From the entries that follow, copy exactly the lines beginning at the line holding "Kibros - Kit" and continuing through the line holding "Reumatología en Andalucía".

▬▬▬▬▬▬▬▬▬▬

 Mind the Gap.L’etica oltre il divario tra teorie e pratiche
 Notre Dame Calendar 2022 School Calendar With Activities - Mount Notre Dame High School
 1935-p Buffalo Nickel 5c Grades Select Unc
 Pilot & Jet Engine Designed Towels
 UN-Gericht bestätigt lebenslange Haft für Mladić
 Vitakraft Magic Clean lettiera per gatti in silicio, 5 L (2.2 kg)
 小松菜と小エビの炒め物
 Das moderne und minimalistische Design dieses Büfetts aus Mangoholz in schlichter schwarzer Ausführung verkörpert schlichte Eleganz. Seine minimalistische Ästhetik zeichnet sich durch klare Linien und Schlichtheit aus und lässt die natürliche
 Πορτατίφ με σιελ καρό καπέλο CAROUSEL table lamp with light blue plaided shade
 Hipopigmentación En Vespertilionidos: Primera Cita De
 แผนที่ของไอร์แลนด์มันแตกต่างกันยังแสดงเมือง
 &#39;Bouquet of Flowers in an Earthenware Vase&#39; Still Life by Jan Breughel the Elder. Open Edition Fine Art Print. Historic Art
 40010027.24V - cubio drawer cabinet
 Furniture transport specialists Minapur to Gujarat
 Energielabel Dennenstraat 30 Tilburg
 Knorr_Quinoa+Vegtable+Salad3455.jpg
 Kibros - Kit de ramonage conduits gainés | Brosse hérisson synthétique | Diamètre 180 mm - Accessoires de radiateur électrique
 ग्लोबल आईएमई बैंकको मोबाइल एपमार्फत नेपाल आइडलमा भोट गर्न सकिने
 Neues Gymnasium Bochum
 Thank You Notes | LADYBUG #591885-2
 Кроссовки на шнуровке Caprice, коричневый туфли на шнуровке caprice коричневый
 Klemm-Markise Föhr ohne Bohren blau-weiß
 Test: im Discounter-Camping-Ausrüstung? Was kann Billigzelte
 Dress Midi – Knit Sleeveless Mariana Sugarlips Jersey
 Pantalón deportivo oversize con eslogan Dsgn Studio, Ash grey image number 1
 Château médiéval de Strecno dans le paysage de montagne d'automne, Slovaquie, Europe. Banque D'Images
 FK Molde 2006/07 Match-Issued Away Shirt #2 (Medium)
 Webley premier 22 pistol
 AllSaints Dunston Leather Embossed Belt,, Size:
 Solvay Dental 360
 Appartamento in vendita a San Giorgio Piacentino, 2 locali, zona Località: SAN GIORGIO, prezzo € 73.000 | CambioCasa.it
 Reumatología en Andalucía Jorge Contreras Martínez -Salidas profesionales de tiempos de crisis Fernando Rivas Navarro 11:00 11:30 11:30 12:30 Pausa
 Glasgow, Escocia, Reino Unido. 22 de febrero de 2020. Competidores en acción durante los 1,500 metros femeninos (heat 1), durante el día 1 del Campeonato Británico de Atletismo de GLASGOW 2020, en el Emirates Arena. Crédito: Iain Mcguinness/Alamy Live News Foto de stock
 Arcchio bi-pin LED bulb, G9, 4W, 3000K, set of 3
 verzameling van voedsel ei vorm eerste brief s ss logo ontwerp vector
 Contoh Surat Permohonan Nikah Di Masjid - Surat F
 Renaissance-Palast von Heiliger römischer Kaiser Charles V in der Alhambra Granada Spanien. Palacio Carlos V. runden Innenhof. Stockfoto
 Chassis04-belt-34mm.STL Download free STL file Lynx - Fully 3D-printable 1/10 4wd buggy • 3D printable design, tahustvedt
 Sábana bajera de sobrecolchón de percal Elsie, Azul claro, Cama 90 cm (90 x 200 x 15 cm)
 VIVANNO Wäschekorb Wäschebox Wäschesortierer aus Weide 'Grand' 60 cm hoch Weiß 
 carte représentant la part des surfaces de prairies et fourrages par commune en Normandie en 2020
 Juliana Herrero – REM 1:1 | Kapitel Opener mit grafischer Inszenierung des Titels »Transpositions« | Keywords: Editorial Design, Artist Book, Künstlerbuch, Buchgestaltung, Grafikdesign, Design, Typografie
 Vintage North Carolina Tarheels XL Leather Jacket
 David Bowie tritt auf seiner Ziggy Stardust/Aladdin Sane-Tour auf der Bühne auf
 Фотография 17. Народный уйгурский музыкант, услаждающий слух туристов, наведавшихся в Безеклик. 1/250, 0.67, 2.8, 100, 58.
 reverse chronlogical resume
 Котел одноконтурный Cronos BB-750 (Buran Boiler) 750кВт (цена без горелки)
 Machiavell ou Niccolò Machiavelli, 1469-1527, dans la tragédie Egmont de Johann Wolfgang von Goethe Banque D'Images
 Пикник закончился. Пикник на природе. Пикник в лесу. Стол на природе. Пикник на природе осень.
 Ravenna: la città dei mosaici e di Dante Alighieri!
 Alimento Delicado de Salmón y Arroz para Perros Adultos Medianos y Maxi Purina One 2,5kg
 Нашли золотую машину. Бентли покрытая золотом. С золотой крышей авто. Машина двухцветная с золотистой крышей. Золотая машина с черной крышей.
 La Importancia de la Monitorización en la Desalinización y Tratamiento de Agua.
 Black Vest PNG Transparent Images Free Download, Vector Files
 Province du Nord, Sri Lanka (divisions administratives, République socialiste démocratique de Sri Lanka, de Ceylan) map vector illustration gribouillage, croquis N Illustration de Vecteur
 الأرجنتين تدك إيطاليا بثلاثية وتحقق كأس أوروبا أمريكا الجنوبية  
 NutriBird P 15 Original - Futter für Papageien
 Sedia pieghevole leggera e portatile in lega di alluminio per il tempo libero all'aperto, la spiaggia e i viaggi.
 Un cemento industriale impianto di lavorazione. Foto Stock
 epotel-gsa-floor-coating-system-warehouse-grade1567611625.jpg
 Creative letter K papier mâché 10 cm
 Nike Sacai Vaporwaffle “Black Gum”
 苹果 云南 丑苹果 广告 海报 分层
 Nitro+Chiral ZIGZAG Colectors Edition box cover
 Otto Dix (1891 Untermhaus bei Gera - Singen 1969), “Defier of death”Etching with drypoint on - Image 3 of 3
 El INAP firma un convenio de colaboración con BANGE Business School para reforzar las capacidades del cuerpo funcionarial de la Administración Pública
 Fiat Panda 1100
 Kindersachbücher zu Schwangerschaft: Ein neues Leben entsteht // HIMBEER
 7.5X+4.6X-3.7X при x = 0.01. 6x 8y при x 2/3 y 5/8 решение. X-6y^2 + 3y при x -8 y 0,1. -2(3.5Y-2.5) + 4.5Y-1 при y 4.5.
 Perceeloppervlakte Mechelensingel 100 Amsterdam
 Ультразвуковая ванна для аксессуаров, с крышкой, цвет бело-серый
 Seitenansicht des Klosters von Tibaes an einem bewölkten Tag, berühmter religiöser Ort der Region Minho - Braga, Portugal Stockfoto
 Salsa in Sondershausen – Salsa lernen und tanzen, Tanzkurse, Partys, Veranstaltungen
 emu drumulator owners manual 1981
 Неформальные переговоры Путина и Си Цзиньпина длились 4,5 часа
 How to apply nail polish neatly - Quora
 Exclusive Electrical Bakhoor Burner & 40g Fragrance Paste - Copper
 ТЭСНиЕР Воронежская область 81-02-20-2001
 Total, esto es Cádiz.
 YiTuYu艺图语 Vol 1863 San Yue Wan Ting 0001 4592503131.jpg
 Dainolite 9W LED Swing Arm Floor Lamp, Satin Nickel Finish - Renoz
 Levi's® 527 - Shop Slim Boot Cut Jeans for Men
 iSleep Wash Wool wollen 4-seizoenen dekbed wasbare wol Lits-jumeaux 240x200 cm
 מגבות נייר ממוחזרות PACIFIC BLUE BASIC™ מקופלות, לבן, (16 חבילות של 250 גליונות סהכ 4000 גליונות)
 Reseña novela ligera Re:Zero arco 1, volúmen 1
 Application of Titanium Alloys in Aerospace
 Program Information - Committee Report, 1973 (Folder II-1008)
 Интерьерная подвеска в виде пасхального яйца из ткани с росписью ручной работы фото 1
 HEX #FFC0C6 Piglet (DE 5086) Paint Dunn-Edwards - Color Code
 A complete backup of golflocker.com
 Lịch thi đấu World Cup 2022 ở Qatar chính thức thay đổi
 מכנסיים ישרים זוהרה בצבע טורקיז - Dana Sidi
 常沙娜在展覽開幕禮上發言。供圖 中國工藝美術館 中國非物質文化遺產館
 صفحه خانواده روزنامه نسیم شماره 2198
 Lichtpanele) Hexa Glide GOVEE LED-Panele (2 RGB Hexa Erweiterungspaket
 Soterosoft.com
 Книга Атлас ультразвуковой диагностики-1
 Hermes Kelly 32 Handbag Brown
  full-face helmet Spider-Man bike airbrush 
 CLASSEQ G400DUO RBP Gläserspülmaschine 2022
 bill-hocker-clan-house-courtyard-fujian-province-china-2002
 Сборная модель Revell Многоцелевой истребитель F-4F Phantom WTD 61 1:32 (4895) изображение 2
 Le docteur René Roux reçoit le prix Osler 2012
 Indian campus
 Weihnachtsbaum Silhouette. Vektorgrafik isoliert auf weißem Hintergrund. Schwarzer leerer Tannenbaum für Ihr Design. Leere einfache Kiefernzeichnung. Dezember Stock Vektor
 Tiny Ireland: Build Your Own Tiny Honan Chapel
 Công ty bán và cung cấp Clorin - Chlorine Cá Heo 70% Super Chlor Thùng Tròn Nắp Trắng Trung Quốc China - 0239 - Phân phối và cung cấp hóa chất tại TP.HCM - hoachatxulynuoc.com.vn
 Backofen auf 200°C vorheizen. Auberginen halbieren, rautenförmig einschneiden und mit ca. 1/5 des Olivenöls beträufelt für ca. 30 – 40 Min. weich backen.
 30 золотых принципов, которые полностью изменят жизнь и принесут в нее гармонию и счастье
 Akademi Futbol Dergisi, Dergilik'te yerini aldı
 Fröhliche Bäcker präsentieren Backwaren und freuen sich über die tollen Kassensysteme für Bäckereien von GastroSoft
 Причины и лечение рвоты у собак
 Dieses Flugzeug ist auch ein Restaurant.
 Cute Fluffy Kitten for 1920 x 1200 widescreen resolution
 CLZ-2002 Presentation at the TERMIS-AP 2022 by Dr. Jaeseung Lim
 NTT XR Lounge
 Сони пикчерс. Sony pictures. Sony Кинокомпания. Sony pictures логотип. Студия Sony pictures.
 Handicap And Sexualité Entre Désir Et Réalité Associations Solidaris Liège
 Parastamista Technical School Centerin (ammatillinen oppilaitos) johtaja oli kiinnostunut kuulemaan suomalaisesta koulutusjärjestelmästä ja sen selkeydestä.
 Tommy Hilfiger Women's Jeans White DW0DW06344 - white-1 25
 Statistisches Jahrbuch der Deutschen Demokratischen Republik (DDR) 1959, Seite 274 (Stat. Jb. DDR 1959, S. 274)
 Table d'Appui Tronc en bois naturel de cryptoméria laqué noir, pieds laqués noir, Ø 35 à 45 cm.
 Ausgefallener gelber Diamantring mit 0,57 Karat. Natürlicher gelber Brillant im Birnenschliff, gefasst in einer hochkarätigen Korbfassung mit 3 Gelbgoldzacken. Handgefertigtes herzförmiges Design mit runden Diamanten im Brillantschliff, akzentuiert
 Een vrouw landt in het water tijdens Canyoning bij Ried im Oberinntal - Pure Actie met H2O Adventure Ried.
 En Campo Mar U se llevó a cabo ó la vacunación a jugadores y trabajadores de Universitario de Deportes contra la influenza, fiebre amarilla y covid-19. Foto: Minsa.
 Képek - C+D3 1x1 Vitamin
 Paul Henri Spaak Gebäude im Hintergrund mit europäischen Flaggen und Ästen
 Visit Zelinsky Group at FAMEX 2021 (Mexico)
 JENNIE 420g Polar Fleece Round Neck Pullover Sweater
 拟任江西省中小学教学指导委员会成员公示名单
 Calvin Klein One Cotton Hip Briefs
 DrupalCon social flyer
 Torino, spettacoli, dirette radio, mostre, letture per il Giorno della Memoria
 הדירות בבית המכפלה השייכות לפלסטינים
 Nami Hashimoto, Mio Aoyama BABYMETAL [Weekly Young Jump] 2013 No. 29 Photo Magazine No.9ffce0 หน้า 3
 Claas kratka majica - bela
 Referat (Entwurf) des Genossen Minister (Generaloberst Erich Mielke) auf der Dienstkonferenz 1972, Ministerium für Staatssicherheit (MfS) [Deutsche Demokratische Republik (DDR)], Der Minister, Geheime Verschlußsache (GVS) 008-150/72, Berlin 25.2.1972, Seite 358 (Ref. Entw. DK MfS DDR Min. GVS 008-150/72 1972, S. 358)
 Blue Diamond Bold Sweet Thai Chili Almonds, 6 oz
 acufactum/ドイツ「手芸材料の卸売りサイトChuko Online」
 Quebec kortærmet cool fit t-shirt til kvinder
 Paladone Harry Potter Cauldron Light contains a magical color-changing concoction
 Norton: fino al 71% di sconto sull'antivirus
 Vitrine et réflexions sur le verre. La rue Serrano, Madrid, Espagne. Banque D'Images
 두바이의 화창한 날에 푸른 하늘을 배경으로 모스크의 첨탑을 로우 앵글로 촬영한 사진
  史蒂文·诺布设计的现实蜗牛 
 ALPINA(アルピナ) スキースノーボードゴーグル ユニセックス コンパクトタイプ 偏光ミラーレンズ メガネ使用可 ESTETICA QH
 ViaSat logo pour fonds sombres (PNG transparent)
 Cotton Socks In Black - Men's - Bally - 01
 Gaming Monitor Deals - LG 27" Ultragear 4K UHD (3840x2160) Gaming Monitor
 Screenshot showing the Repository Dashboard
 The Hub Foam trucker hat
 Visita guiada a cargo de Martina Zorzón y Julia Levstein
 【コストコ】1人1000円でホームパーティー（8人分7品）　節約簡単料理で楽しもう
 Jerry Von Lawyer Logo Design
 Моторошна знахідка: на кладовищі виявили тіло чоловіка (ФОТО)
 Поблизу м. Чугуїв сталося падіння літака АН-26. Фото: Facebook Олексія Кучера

▬▬▬▬▬▬▬▬▬▬

▸ **Response for this exercise**:
 Kibros - Kit de ramonage conduits gainés | Brosse hérisson synthétique | Diamètre 180 mm - Accessoires de radiateur électrique
 ग्लोबल आईएमई बैंकको मोबाइल एपमार्फत नेपाल आइडलमा भोट गर्न सकिने
 Neues Gymnasium Bochum
 Thank You Notes | LADYBUG #591885-2
 Кроссовки на шнуровке Caprice, коричневый туфли на шнуровке caprice коричневый
 Klemm-Markise Föhr ohne Bohren blau-weiß
 Test: im Discounter-Camping-Ausrüstung? Was kann Billigzelte
 Dress Midi – Knit Sleeveless Mariana Sugarlips Jersey
 Pantalón deportivo oversize con eslogan Dsgn Studio, Ash grey image number 1
 Château médiéval de Strecno dans le paysage de montagne d'automne, Slovaquie, Europe. Banque D'Images
 FK Molde 2006/07 Match-Issued Away Shirt #2 (Medium)
 Webley premier 22 pistol
 AllSaints Dunston Leather Embossed Belt,, Size:
 Solvay Dental 360
 Appartamento in vendita a San Giorgio Piacentino, 2 locali, zona Località: SAN GIORGIO, prezzo € 73.000 | CambioCasa.it
 Reumatología en Andalucía Jorge Contreras Martínez -Salidas profesionales de tiempos de crisis Fernando Rivas Navarro 11:00 11:30 11:30 12:30 Pausa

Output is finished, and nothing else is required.